Und dennoch hatte sie in den Stunden vor ihrem Tod so friedlich gewirkt. Geradezu erfreut über die Geister, als ob sie Familienmitglieder wären, die sie liebten und die sie nun nach Hause holten.

Die Hälfte der Zeit, die ich hier war, habe ich mich gegruselt und war halb besinnungslos vor Angst, dachte Kendall. Doch ich bin geblieben, weil ich mich um Amelia gesorgt habe. Wo waren diese Jungs gewesen, als sie ihre richtige Familie um sich gebraucht hätte? Wie hatten sie so völlig ahnungslos sein können von der Existenz dieses Familienmitglieds?
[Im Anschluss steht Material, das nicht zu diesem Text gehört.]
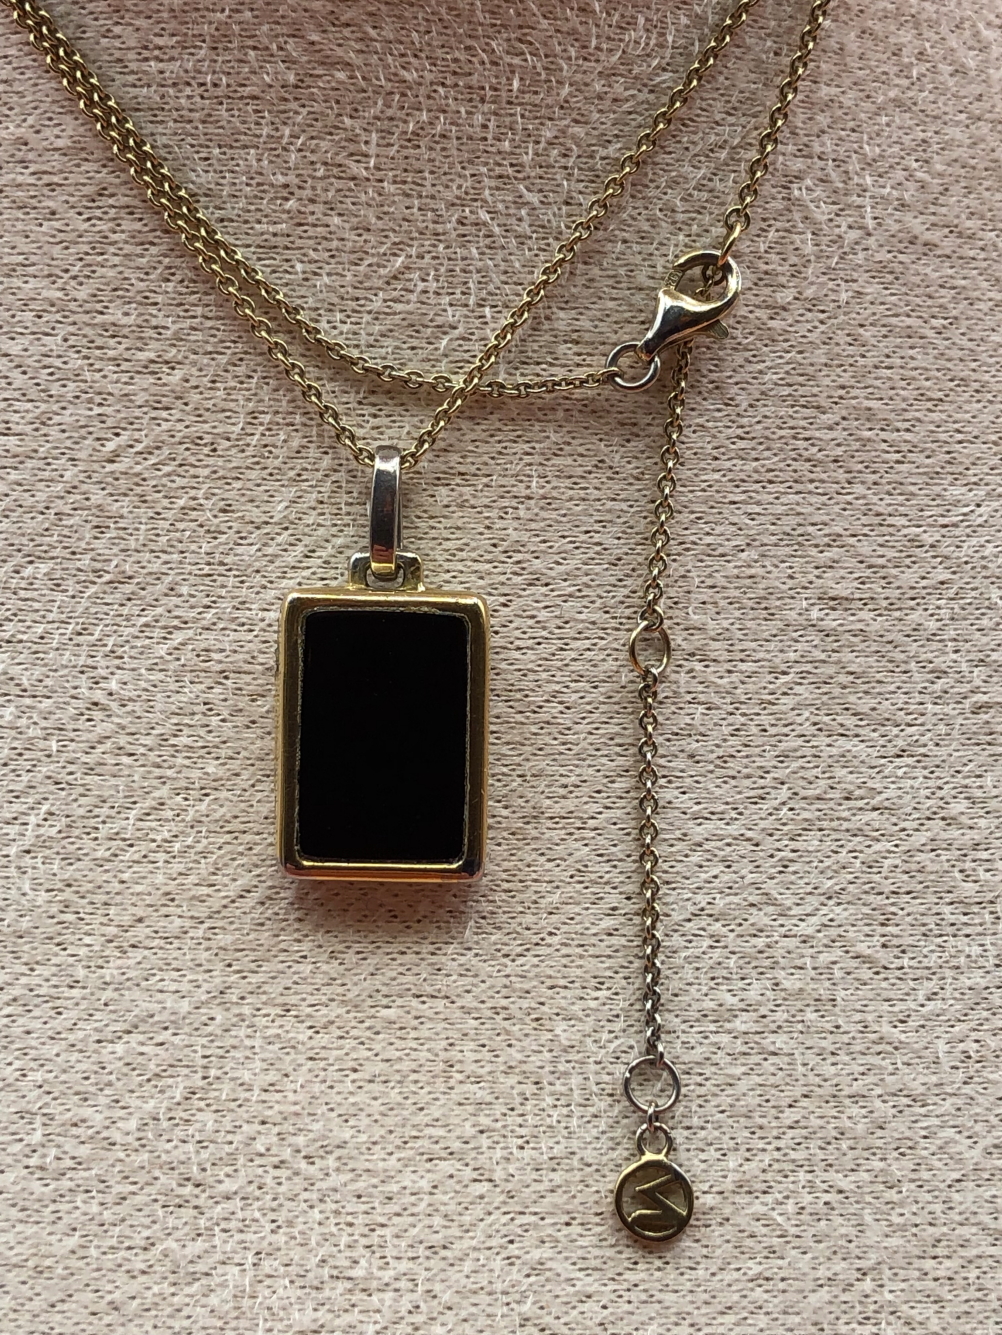 A MONICA VINADER SIREN TEARDROP PENDANT AND CHAIN TOGETHER WITH A MEJURI BLACK ONYX AND SILVER - Image 2 of 8

Doch diese Frage konnte warten. Das Wichtigste war im Moment, dass sie so schnell wie möglich hier wegkam.

Aber wie?

Geh zur Vordertür hinaus und zeig es diesen Mistkerlen, beschloss sie.

Sie warf den Kopf zurück und ging die Treppe hinunter, wo sie ihren Rucksack neben die Tür stellte, um mit beiden Händen den Riegel zu öffnen. Als sie die Tür öffnete, standen die drei Männer bereits auf der Veranda.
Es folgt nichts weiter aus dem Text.